# Forces and Equilibrium

1. Jan 13, 2010

### Peto

The Crane in P19 (Attached) supports a 20.0-kN load.. to simplify things take the bales to be represented by two separate bundles: Cable-AB and cable-BC. (a) Draw a free-body diagram of point-B putting in the forces exerted by the boom, cable-AB, and cable -BC. (b) determin the horizontal and the vertical components of each force. (c) Using Sigma(Fx) = 0 and Sigma(Fy) = 0, determine the compressive force on the boom.

Since Fy, and Fx = 0, The load must be in Equilibrium.

I'm kind of stuck on this question, I had skipped over it before but now I still want to figure it out.

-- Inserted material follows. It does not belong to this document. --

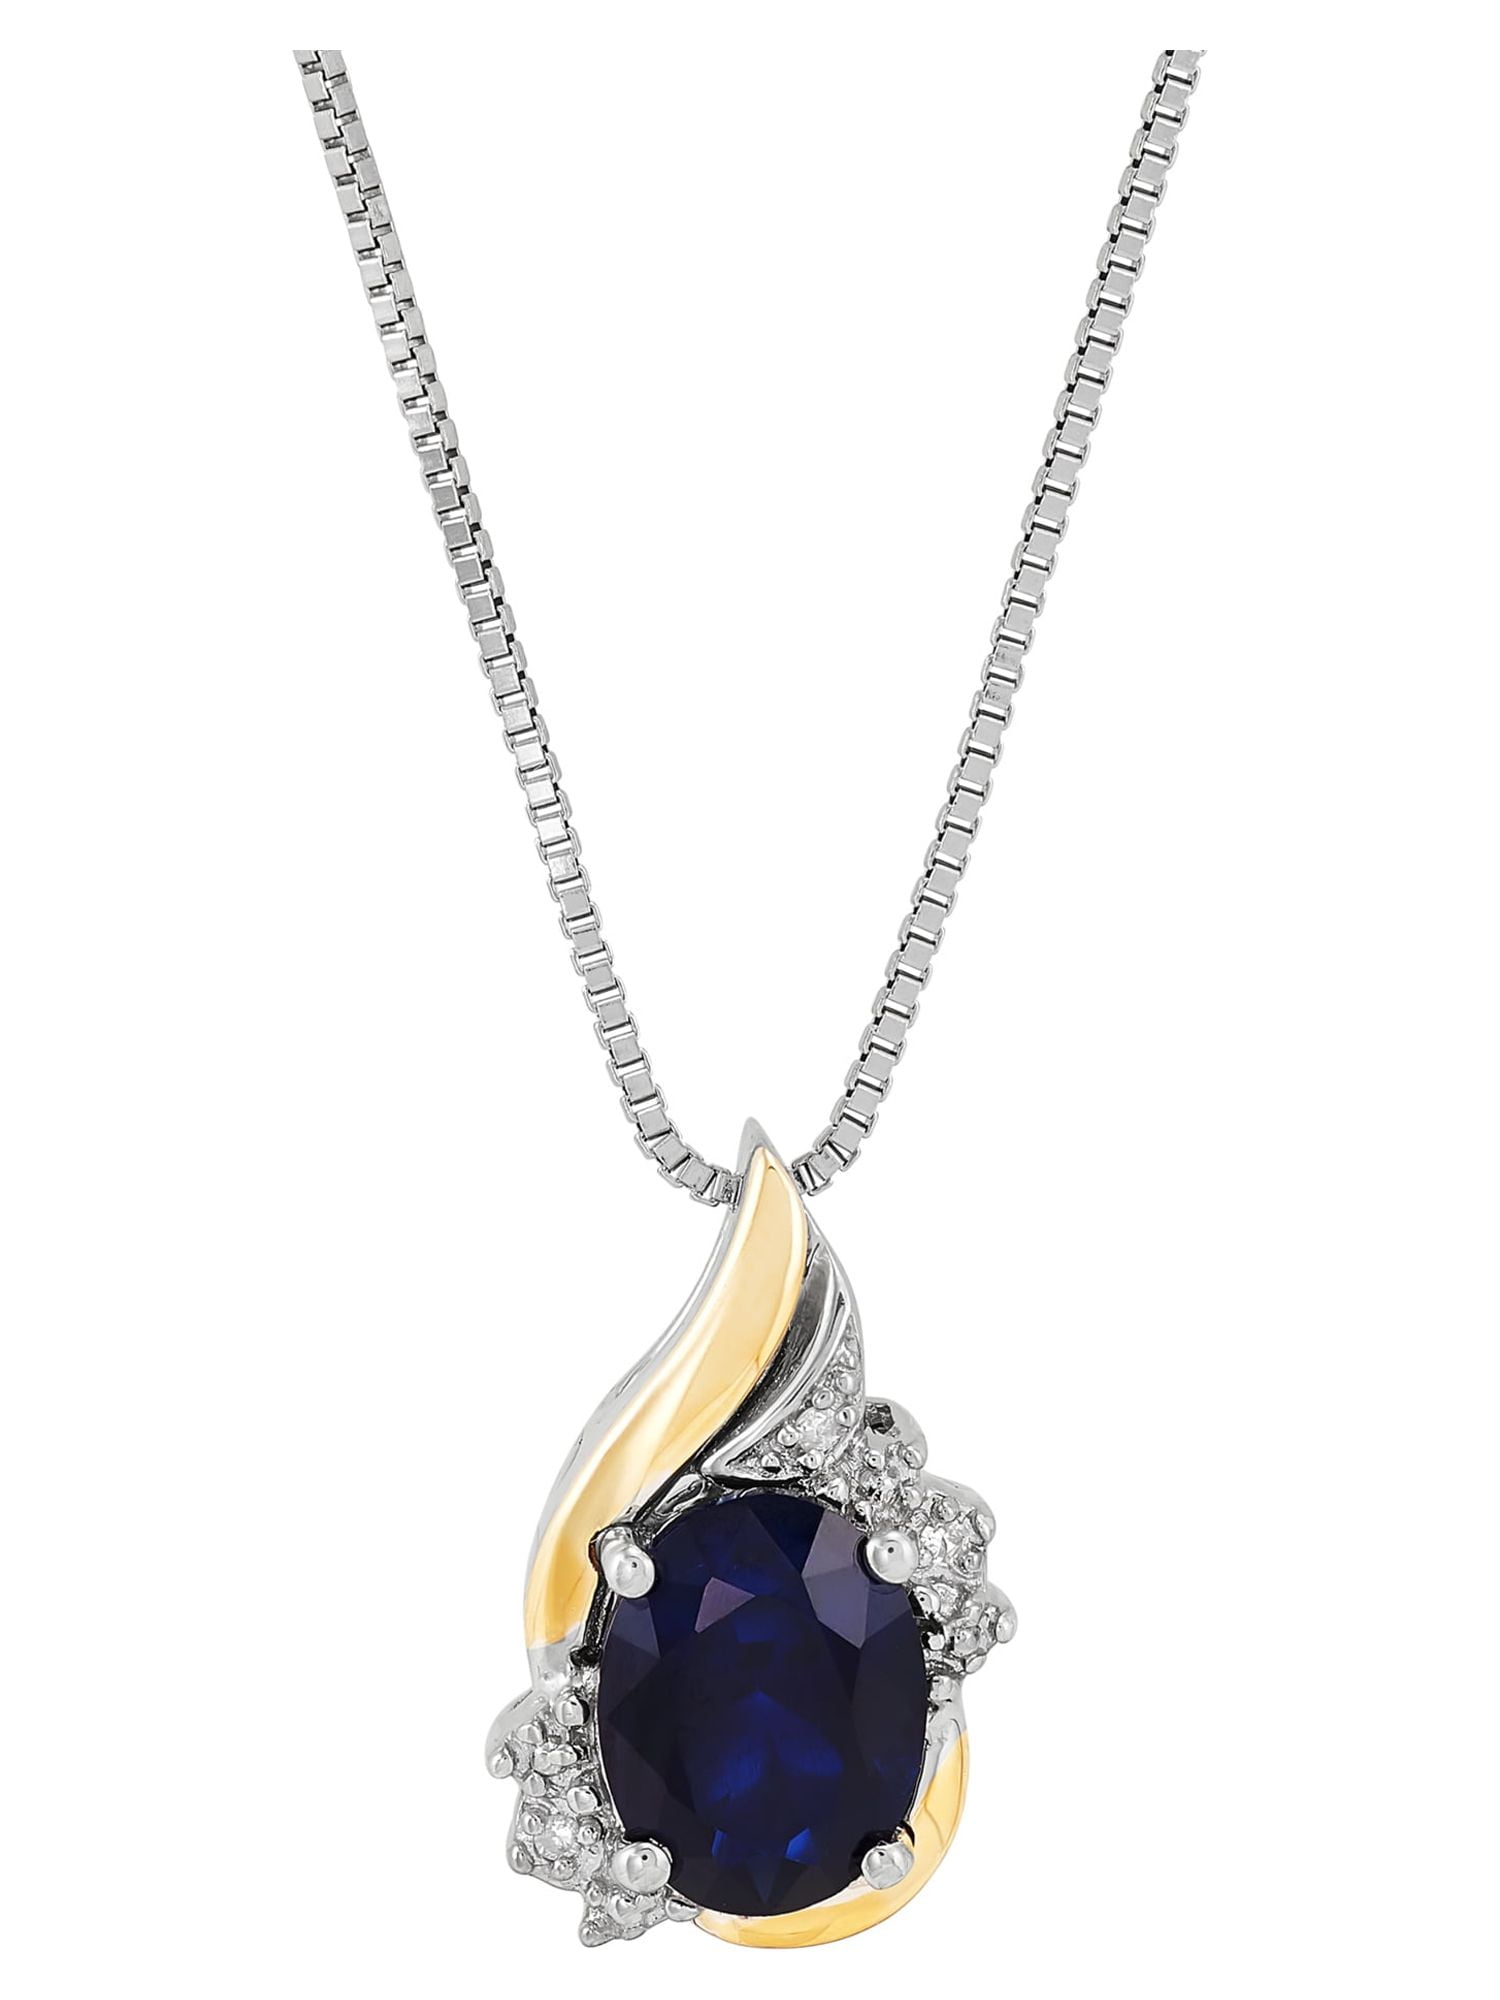 Sapphire and Diamond Necklace in 14Kt Yellow Gold - Morgan's Treasure

Any help would be much appreciated!

#### Attached Files:

• ###### Physics 12 P.138 Scan.jpg
File size:
41.2 KB
Views:
84
2. Jan 13, 2010

### PhanthomJay

Take the suggestions in parts a, b, and c. There are 3 forces acting on B, one is known (tension in BC, pulling away from B), the others are not (tension in AB pulling away from B), and compression in the boom (pushing towards point B). Break the forces into components and apply the equilibrium equations in the x and y directions. You'll get 2 equations with 2 unknowns, solve for T_AB and the boom compressive force. Watch your geometry and trig and plus and minus signs!

3. Jan 20, 2010

### Peto

Sorry for the late response I was caught up with other work, anyways,
so I drew the free-body diagram as suggested in part a,
For part b,
F_BCy = 20000N down
F_BCx = 0
F_BAy = 20000sin40 = 12855N down
F_BAx = 20000cos40 = 15320N left
Since in equilibrium, the boom must counteract these forces yielding,
F_boomy = 20000 + 12855 = 32855N up
F_boomx = 0 + 15320 = 15320N right

therefore the compression of the boom would be a^2 + b^2 = c^2,
sqrt(32855^2 + 15320^2) = 36251N

is this method correct ?